● Records supplied:
· · · ·
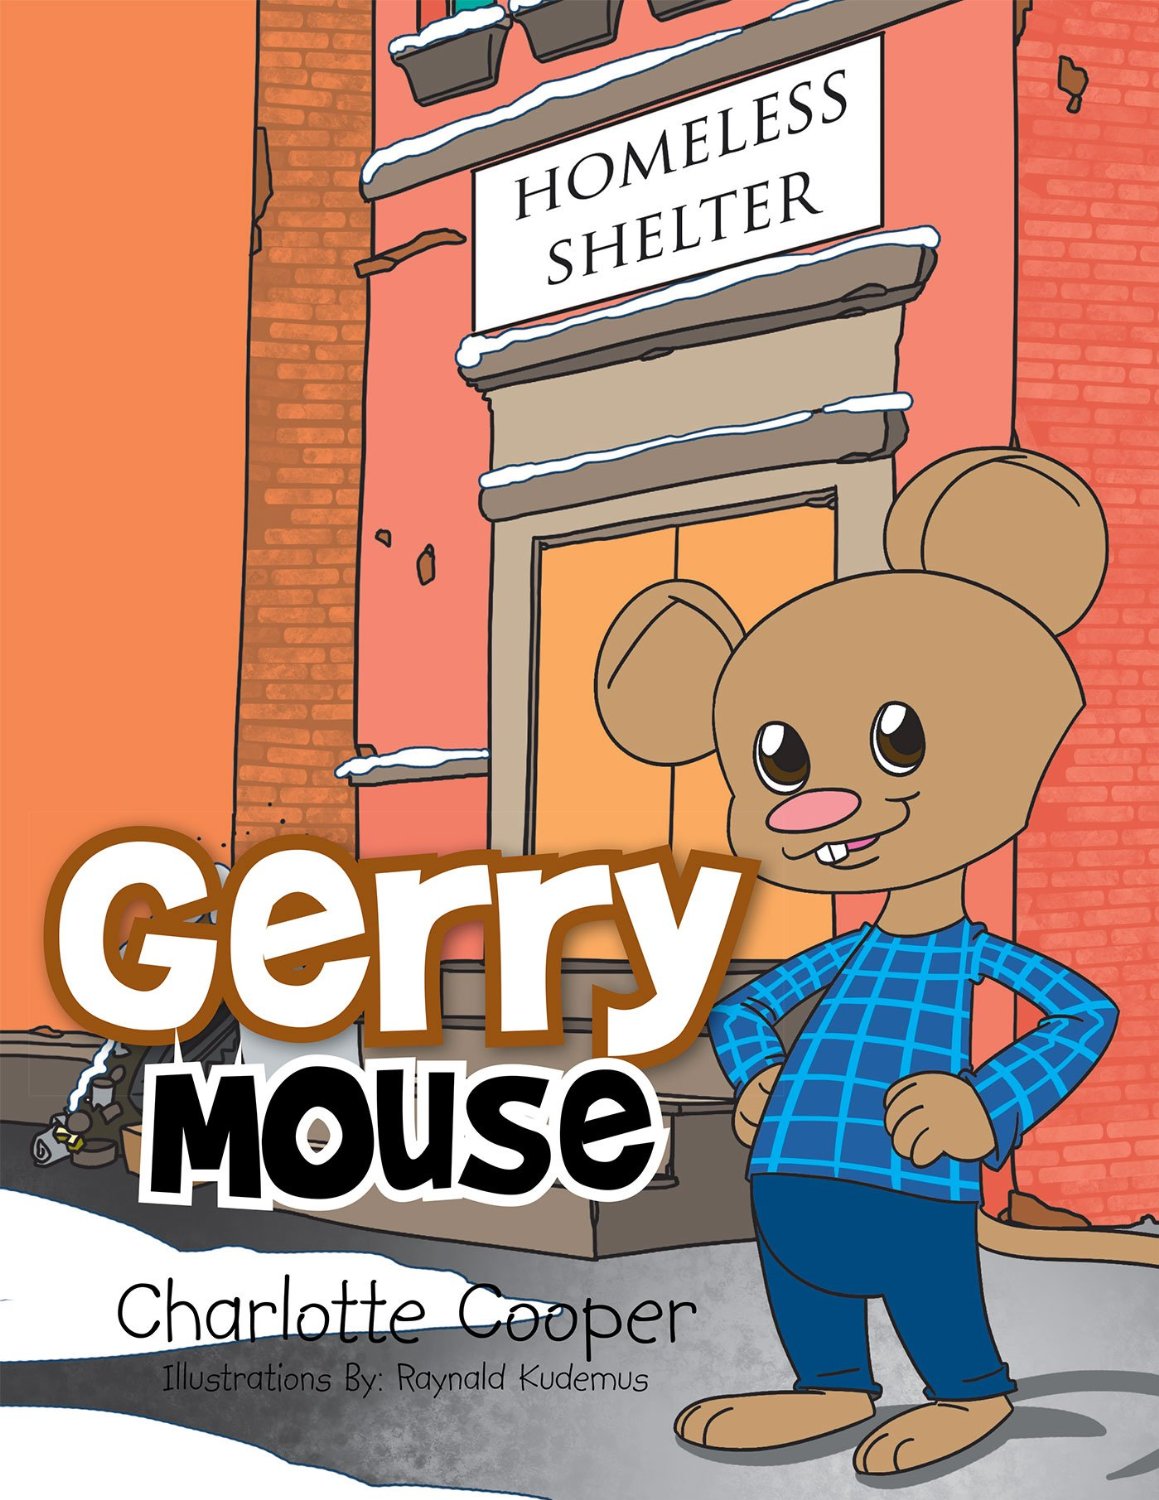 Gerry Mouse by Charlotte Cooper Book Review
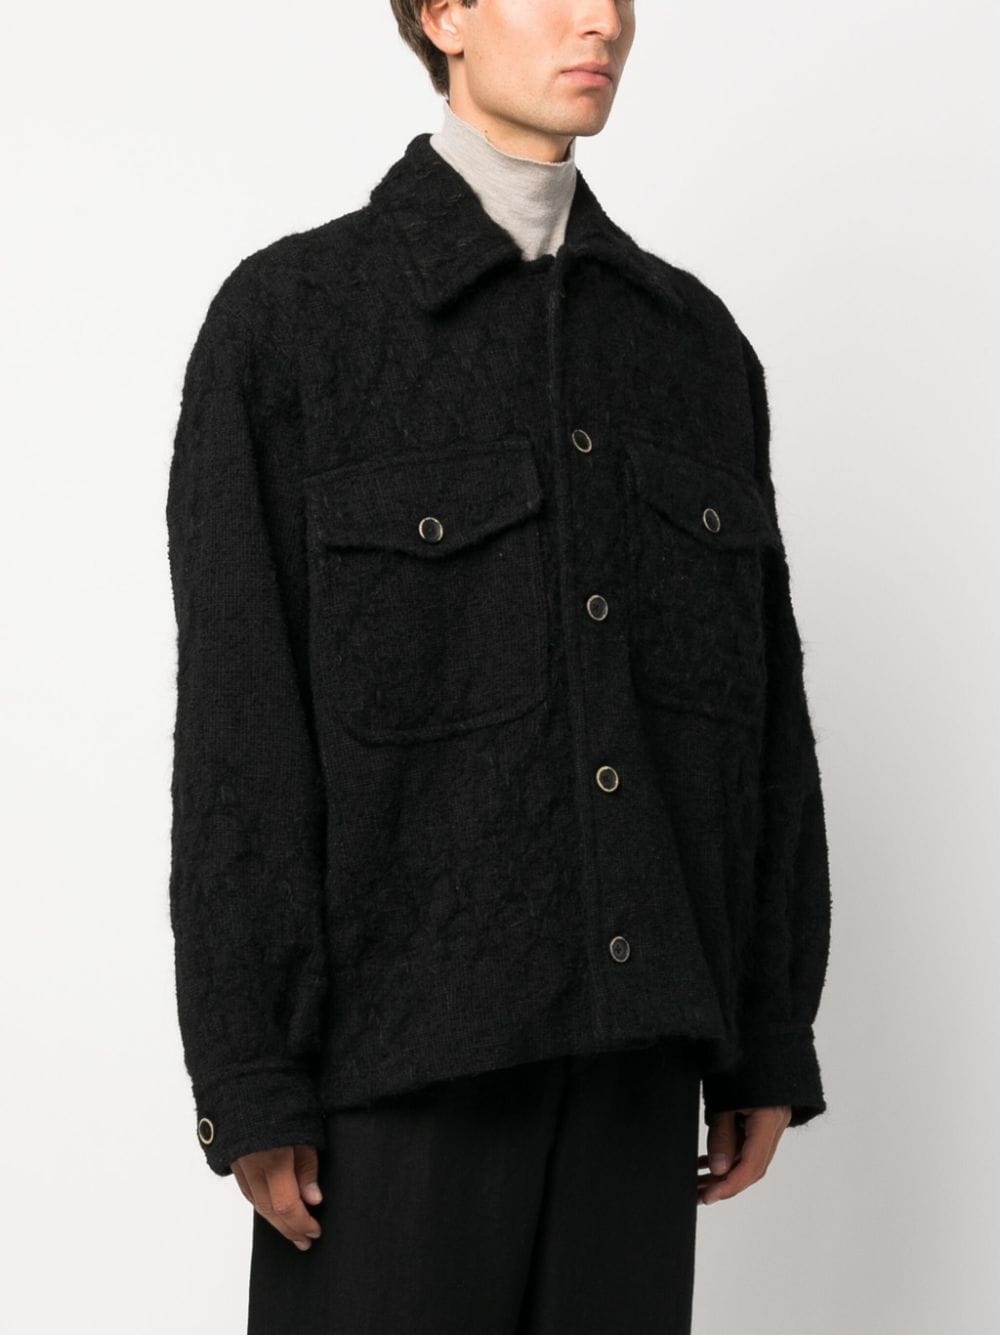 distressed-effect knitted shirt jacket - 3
· · · ·
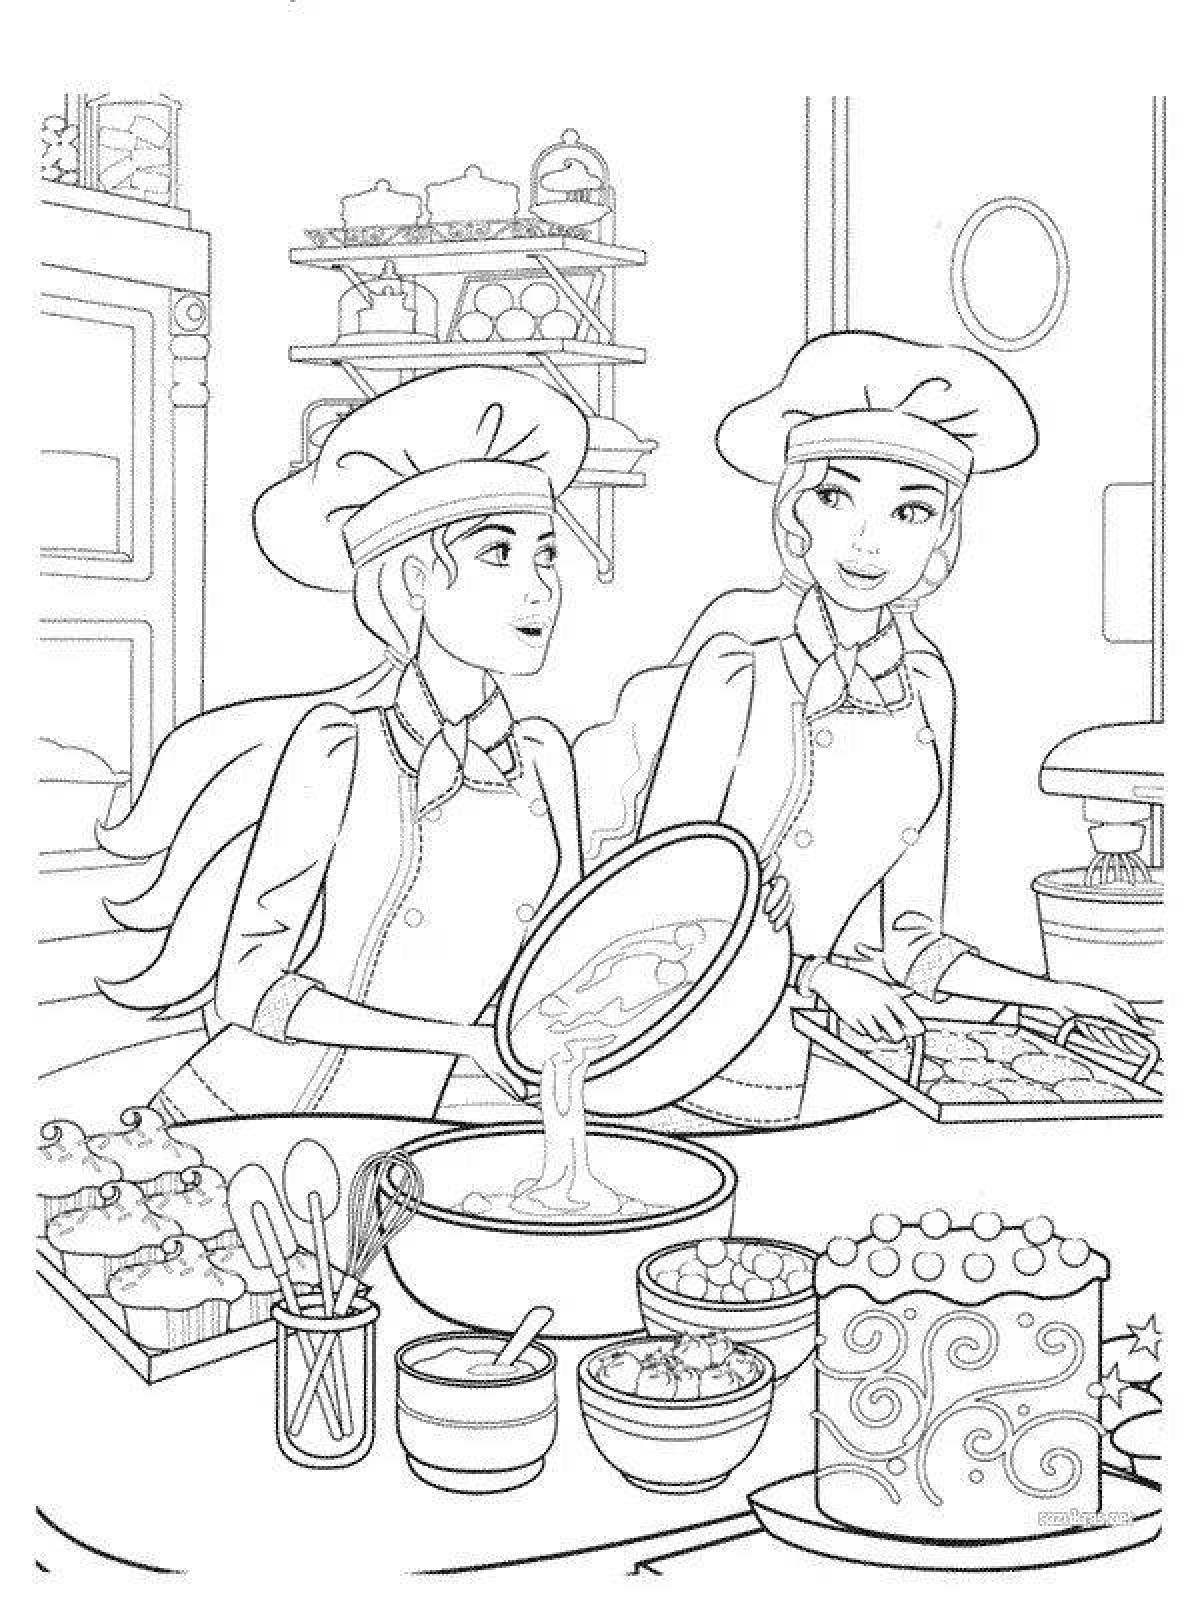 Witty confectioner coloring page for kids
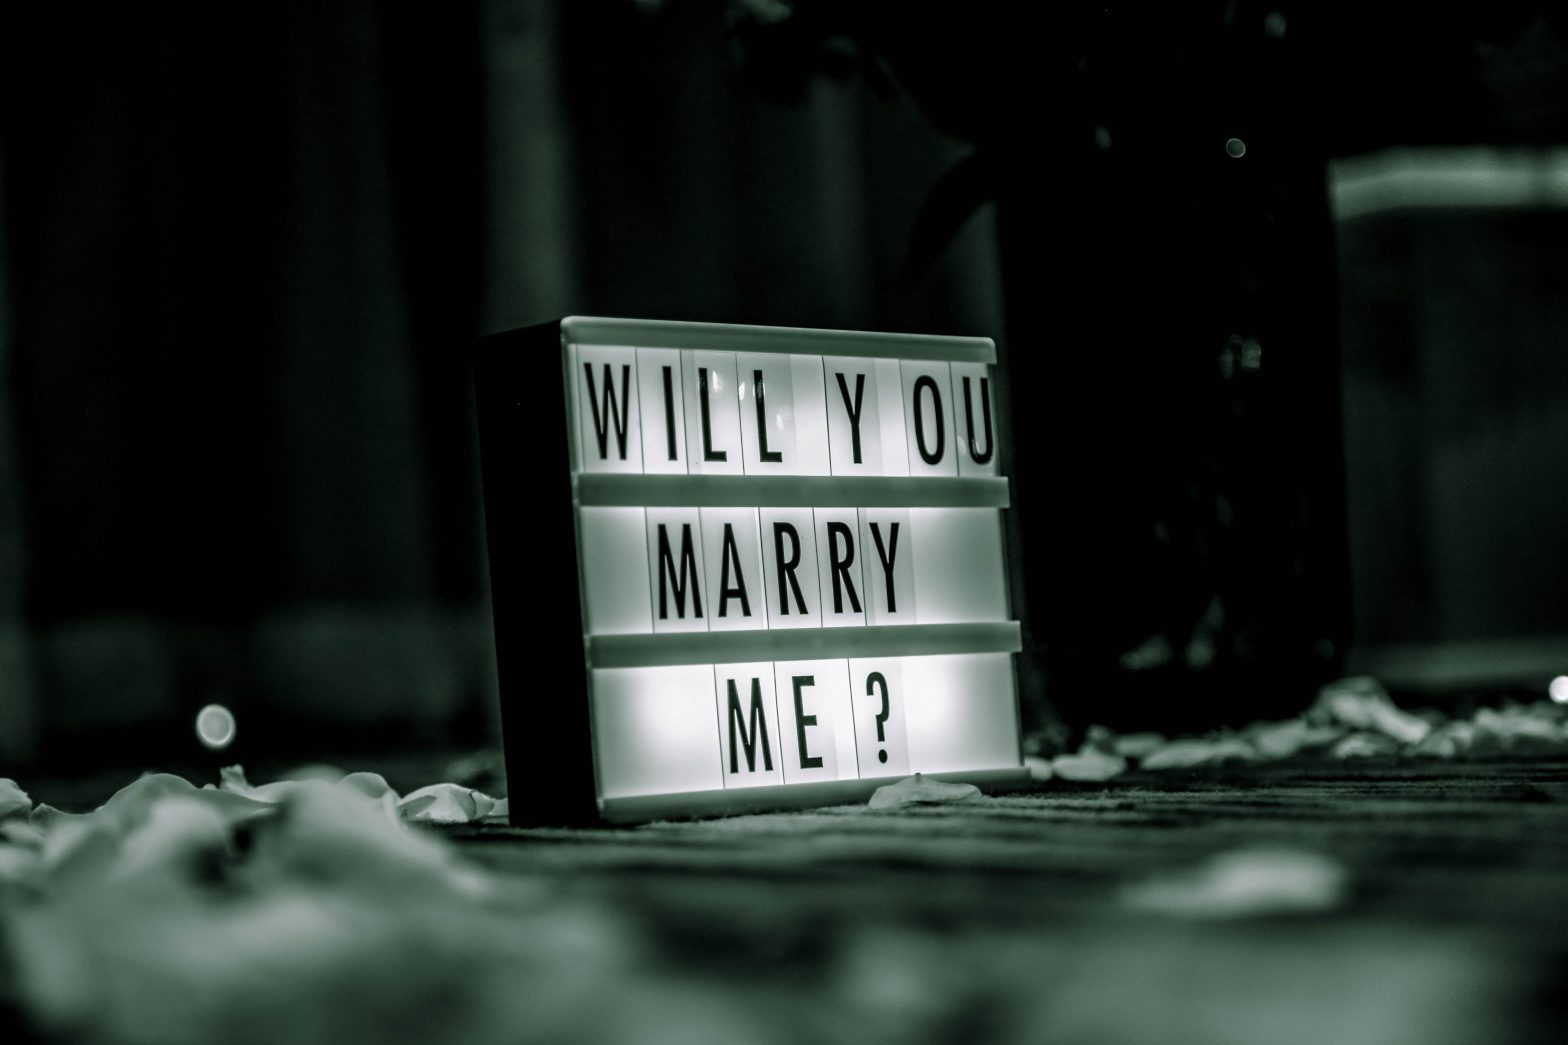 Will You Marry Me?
· · · ·
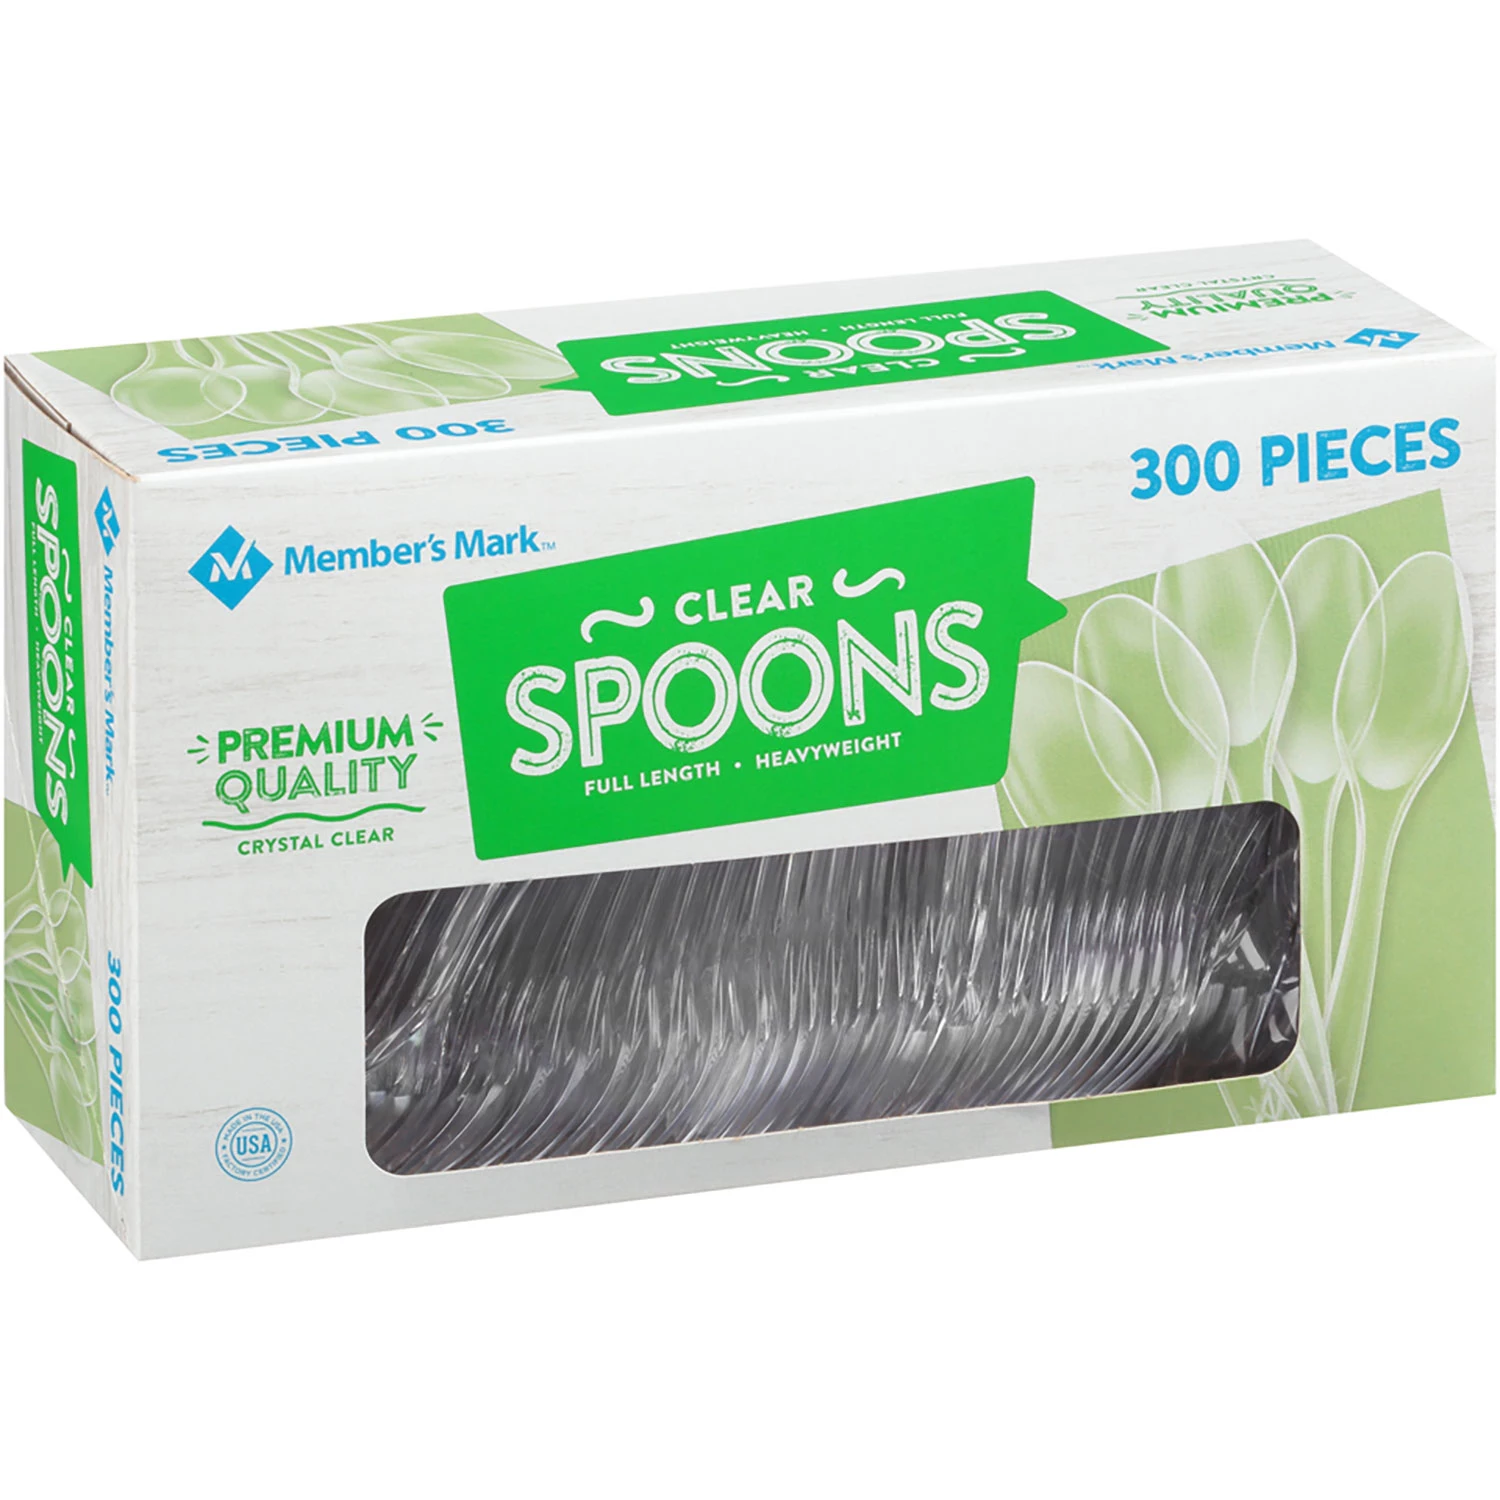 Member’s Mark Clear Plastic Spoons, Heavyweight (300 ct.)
· · · ·
● Work instructions: Start with the line with "Gerry Mouse by Charlotte Cooper Book Review" in the listing above and stop after the line with "distressed-effect knitted shirt jacket - 3". Write out exactly the lines in that stretch and no others, without pictures.

● Output of the task:
 Gerry Mouse by Charlotte Cooper Book Review
 distressed-effect knitted shirt jacket - 3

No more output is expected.